ClustMC: Cluster-Based Multiple Comparisons
Description
Multiple comparison techniques are typically applied following an F test from an ANOVA to decide which means are significantly different from one another. As an alternative to traditional methods, cluster analysis can be performed to group the means of different treatments into non-overlapping clusters. Treatments in different groups are considered statistically different. Several approaches have been proposed, with varying clustering methods and cut-off criteria. This package implements cluster-based multiple comparisons tests and also provides a visual representation in the form of a dendrogram. Di Rienzo, J. A., Guzman, A. W., & Casanoves, F. (2002) <jstor.org/stable/1400690>. Bautista, M. G., Smith, D. W., & Steiner, R. L. (1997) doi:10.2307/1400402.
Author(s)
Maintainer: Santiago Garcia Sanchez santiagoesquel@gmail.com [copyright holder]
See Also
Useful links:
Report bugs at https://github.com/SGS2000/ClustMC/issues
Loaf volumes from a bread-baking experiment
Description
Includes the volumes (ml) of 85 loaves of bread made under controlled conditions from 100-gram batches of dough made with 17 different varieties of wheat flour and 5 levels of potassium bromate (mg).
Usage
bread
Format
A tibble with 85 rows and 3 columns:
- variety
a factor indicating the variety of flour used.
- bromate
a number denoting the amount of potassium bromate used (milligrams).
- volume
a number denoting the volume of the loaf made under each condition (milliliters).
Details
Data from a bread-baking experiment by Larmour (1941). Later reproduced by Scheffe (1959) and then used by Duncan (1965) to contrast different multiple comparison methods. Jolliffe (1975) applies this dataset to illustrate his cluster-based test.
Source
Larmour, R. K. (1941). A comparison of hard red spring and hard red winter wheats. Cereal Chemistry, 18(6), 778-789. Available at: https://archive.org/details/sim_cereal-chemistry_1941-11_18_6
References
Duncan, D. B. (1965). A bayesian approach to multiple comparisons. Technometrics, 7(2), 171-222. doi:10.2307/1266670
Jolliffe, I. T. (1975). Cluster analysis as a multiple comparison method. Applied Statistics: Proceedings of Conference at Dalhousie University, Halifax, 159-168.

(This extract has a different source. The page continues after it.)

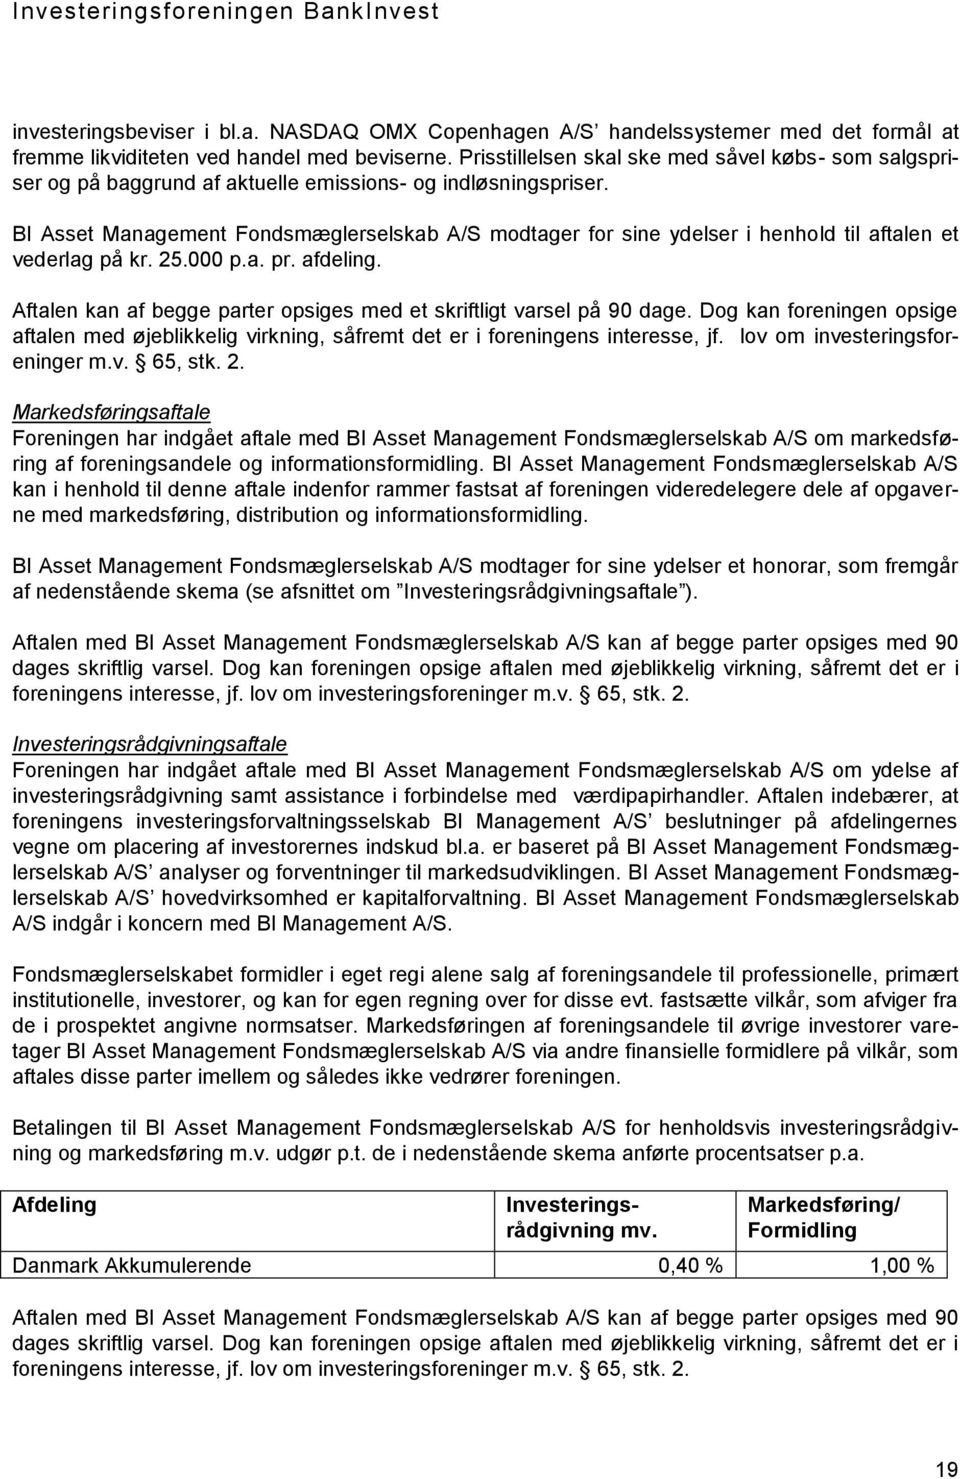 BI Asset Management Fondsmæglerselskab A/S modtager for sine ydelser i henhold til aftalen et vederlag på kr. 25.000 p.a. pr. afdeling.

Scheffe, H. (1950).The analysis of variance. Wiley-Interscience Publication.
Examples
data(bread)
summary(bread)
Bautista, Smith and Steiner test for multiple comparisons
Description
Bautista, Smith and Steiner (BSS) test for multiple comparisons. Implements a procedure for grouping treatments following the determination of differences among them. First, a cluster analysis of the treatment means is performed and the two closest means are grouped. A nested analysis of variance from the original ANOVA is then constructed with the treatment source now partitioned into "groups" and "treatments within groups". This process is repeated until there are no differences among the group means or there are differences among the treatments within groups.
Usage
bss_test(
y,
trt,
alpha = 0.05,
show_plot = TRUE,
console = TRUE,
abline_options,
...
)
Arguments
y
Either a model (created with lm() or aov()) or a numerical
vector with the values of the response variable for each unit.
trt
If y is a model, a string with the name of the column containing
the treatments. If y is a vector, a vector of the same length as y
with the treatments for each unit.
alpha
Numeric value corresponding to the significance level of the test. The default value is 0.05.
show_plot
Logical value indicating whether the constructed dendrogram should be plotted or not.
console
Logical value indicating whether the results should be printed on the console or not.
abline_options
list with optional arguments for the line in the
dendrogram.
...
Optional arguments for the plot() function.
Value
A list with three data.frame and one hclust:
stats
data.frame containing summary statistics by treatment.
groups
data.frame indicating the group to which each treatment is
assigned.
parameters
data.frame with the values used for the test.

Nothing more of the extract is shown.